> _DATA EXCERPT_
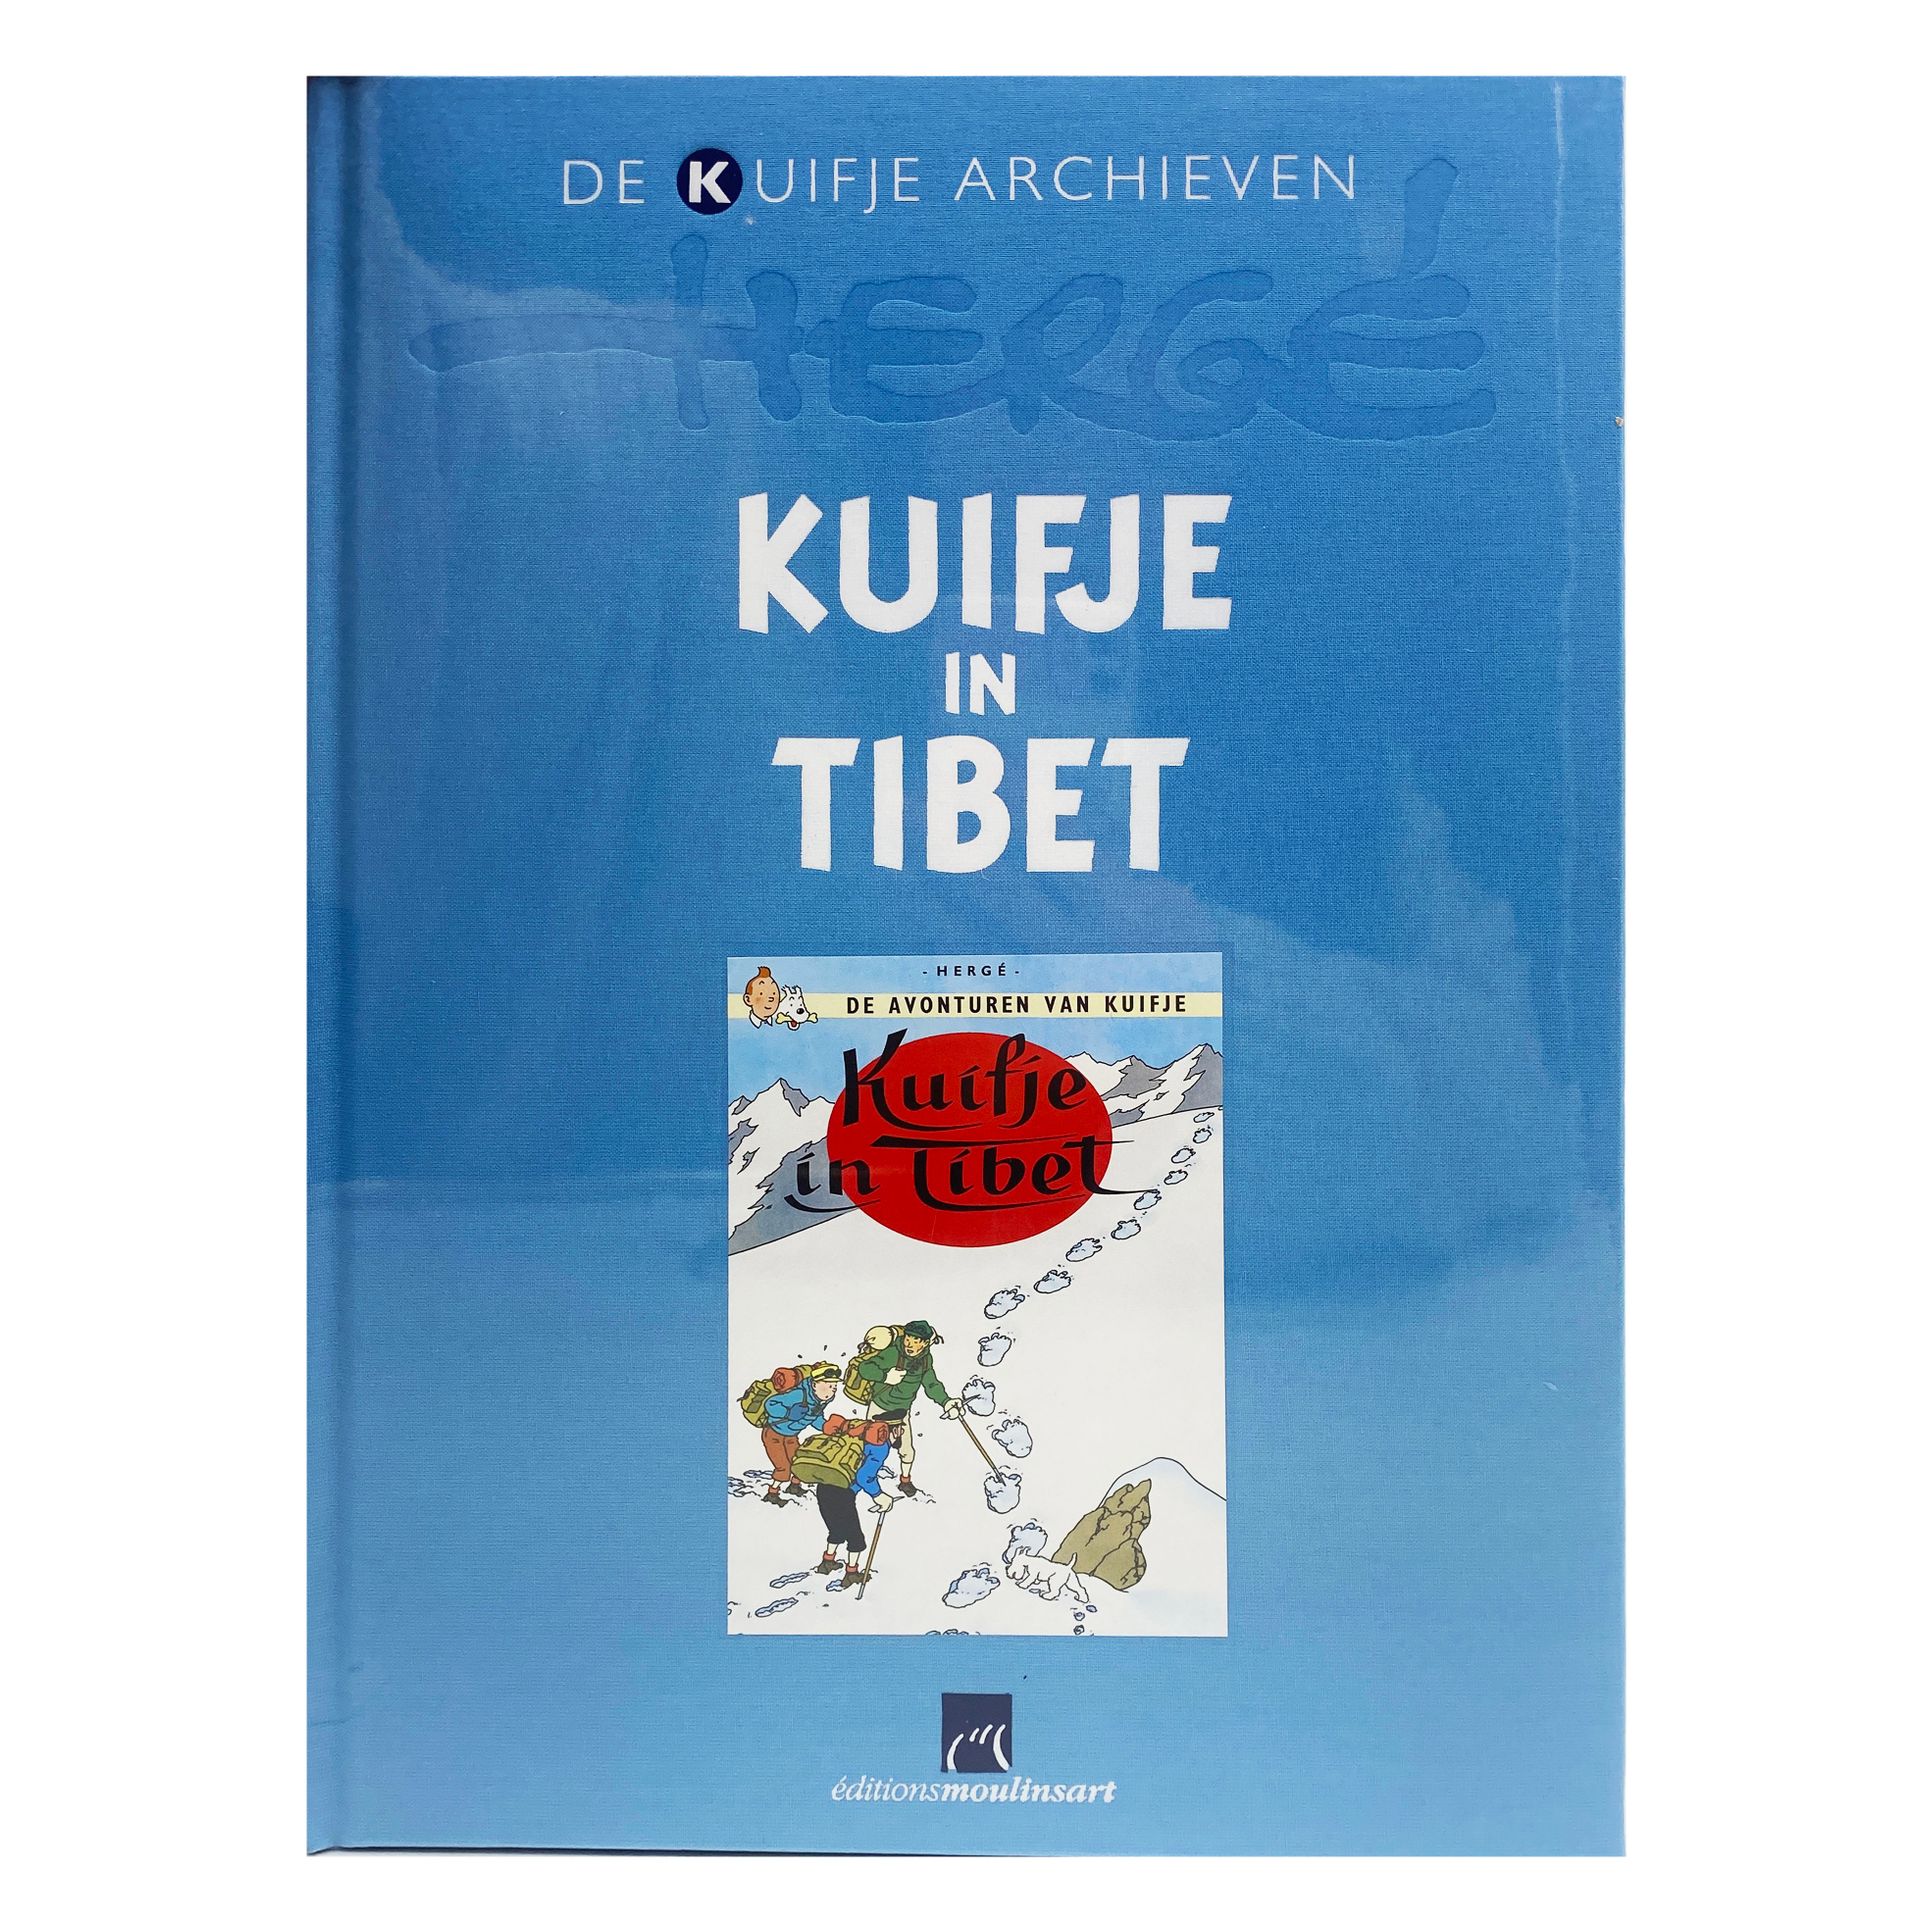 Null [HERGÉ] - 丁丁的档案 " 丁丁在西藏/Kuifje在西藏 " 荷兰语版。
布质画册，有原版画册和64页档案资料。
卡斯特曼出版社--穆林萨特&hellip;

> _WORK TASK_
From the first line to the last, copy the listing above exactly and leave out the images.

> _RESULT OF THIS EXERCISE_
 Null [HERGÉ] - 丁丁的档案 " 丁丁在西藏/Kuifje在西藏 " 荷兰语版。
布质画册，有原版画册和64页档案资料。
卡斯特曼出版社--穆林萨特&hellip;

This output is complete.